Start of Dataset excerpts
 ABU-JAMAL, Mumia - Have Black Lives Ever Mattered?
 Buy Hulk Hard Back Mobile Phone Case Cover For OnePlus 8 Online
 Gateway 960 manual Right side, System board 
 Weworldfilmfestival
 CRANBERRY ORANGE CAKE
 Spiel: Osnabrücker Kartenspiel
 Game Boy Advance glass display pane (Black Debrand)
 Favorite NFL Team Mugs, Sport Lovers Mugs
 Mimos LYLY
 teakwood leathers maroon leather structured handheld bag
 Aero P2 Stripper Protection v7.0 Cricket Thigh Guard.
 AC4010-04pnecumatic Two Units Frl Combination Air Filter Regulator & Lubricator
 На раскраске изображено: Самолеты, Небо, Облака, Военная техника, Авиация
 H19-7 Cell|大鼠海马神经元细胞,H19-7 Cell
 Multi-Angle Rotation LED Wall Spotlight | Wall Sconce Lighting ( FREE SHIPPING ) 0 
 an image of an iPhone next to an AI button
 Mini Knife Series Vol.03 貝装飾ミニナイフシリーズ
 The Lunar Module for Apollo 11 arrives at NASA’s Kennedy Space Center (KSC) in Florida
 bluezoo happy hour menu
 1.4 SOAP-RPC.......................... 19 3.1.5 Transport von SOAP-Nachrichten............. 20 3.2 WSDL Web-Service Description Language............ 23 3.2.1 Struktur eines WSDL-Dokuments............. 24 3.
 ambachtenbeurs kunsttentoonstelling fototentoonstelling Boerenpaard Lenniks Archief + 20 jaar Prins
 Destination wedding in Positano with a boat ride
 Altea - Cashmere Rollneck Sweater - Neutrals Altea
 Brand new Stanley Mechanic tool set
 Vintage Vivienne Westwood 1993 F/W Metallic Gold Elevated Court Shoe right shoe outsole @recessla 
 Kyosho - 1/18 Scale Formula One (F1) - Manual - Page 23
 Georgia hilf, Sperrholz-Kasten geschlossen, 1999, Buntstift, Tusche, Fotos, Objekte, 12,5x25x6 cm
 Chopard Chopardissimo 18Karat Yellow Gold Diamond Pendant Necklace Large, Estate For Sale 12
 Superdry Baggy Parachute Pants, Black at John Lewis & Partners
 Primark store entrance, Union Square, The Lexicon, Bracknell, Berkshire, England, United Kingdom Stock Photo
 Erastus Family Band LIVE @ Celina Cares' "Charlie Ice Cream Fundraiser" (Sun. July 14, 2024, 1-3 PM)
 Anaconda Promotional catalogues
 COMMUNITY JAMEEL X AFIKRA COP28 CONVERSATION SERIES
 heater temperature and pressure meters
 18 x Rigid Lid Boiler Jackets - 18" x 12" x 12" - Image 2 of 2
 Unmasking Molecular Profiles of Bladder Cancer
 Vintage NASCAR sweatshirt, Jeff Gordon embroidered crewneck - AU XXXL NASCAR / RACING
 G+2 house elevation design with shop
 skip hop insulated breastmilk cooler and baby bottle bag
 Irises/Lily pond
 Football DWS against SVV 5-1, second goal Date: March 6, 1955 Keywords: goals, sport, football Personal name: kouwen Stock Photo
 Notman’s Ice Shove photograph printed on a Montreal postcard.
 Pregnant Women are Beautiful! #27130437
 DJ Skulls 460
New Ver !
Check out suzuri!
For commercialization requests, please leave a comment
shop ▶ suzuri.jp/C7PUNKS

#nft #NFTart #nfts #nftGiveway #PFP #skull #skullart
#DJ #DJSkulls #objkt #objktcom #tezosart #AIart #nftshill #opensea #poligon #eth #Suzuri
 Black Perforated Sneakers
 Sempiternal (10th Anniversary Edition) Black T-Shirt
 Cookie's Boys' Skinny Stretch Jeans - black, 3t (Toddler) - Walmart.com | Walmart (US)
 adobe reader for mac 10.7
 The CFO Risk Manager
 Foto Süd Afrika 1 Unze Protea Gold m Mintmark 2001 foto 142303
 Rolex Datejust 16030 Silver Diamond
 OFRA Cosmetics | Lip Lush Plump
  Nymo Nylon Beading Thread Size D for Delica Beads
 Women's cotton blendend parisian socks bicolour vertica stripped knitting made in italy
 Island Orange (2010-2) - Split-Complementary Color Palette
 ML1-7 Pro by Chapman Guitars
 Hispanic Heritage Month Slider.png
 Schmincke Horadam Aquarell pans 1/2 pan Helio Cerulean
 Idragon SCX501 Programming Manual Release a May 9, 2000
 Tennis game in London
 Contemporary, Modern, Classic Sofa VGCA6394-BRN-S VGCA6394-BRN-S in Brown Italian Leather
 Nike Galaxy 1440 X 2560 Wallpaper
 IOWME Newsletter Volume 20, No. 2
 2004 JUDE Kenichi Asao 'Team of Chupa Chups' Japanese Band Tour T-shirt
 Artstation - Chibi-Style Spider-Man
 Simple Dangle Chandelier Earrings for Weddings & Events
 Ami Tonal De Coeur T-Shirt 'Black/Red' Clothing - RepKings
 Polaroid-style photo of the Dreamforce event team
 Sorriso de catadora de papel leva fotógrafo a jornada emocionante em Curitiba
End of Dataset excerpts
▸ **Activity**
Go through the records above, find every line with the word "Vintage", and list those lines.

▸ **Response area**
 Vintage Vivienne Westwood 1993 F/W Metallic Gold Elevated Court Shoe right shoe outsole @recessla 
 Vintage NASCAR sweatshirt, Jeff Gordon embroidered crewneck - AU XXXL NASCAR / RACING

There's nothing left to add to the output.